I loved seeing magic items move into and out of the game, with the incentives for breaking them down to make the raw material for rituals and namely making/improving other items. It led my parties to sometimes starve themselves of items to "save up" for really cool stuff.

This was also the edition that really made items blatantly designed for various races/classes/subclasses. Yes this leads to a few less weird items, but it felt really cool that the warlock got that cool item that boosted their curse, or you know, the 12th item to boost twin strike XD.
 


Garthanos

Arcadian Knight
Like I said I didnt get much out of rarity but I did steal an idea. The idea being variable return rate on your magic items when disenchanted or sold.

Basically if the item is 5 levels under yours you can get full 100 percent out of the item but at level only 20 percent (with a progression towards 100 percent the lower relative level it is). Basically your contacts for sales get better at getting you the value out the item... and the person disenchanting the items skill does similar.
 

Glad I'm not the only person left on earth that would love to play 4e again, lol. I love the system personally. Definitely my first choice given the option of any version of DnD. I had actually pulled all my stuff out right before Covid-19 shut us down, and was planning to try to put a group together for Keep on the Shadowfell.
 

I myself would never use Rarity in a 4E game.

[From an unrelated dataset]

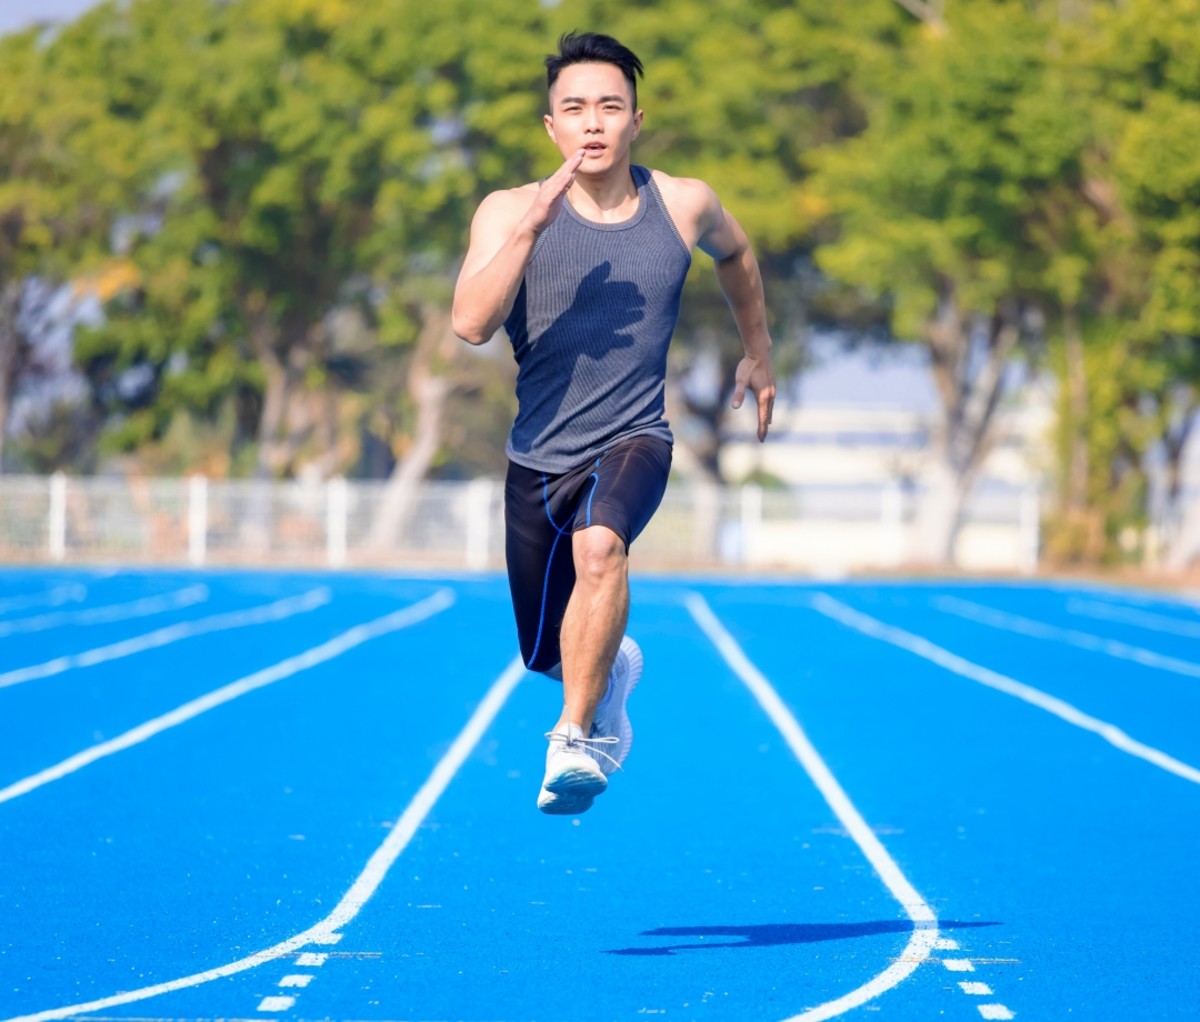 Speed Workouts - The Best Sprint Workouts for Beginners and Advanced Runners

It's a late edition fudge which was poorly implemented in my opinion.
You really have to understand the problem that rarity was intended to solve:

In the original design of 4e you had limited uses of item powers per day. The idea was to allow players to have quite a variety of items with powers, but for that to not result in an endless parade of power uses. It wasn't a bad thought but it was fatally flawed. The problem being every player hoarded their 3 daily power uses. Designers COULD have made more items with Surge powers, but they didn't (AFAIK only a few potions have this). Even if they did, nobody can afford to pay that price very much. So the upshot is, any item power which is too good to allow to be encounter or at-will, but not exciting enough to burn one of your 3 hoarded uses on (or a surge) is effectively non-existent.

The result of this is that a lot of items are simply trivial, because their powers are weak enough to use constantly, or because they are simply never used since their powers are too weak to be worth a use slot. It was however, impossible to get rid of these slots because some items are lower level (and thus you could make tons of them) and yet their daily powers are pretty good. For near-level items it isn't a problem, treasure parcel availability restricts abuse, but it is a problem in a slotless game for these certain items (there are actually quite a few).

So, the solution was to do away with slots, but also to restrict item creation. This actually works fine if you have a GM who is a bit flexible. PCs can easily find/research/quest for/buy formulas for specific 'rare' or even 'very rare' items and then craft them. This does allow the GM to put a foot down on abuse though. Items that would break the game if used over and over just don't have formulas you can get, others do.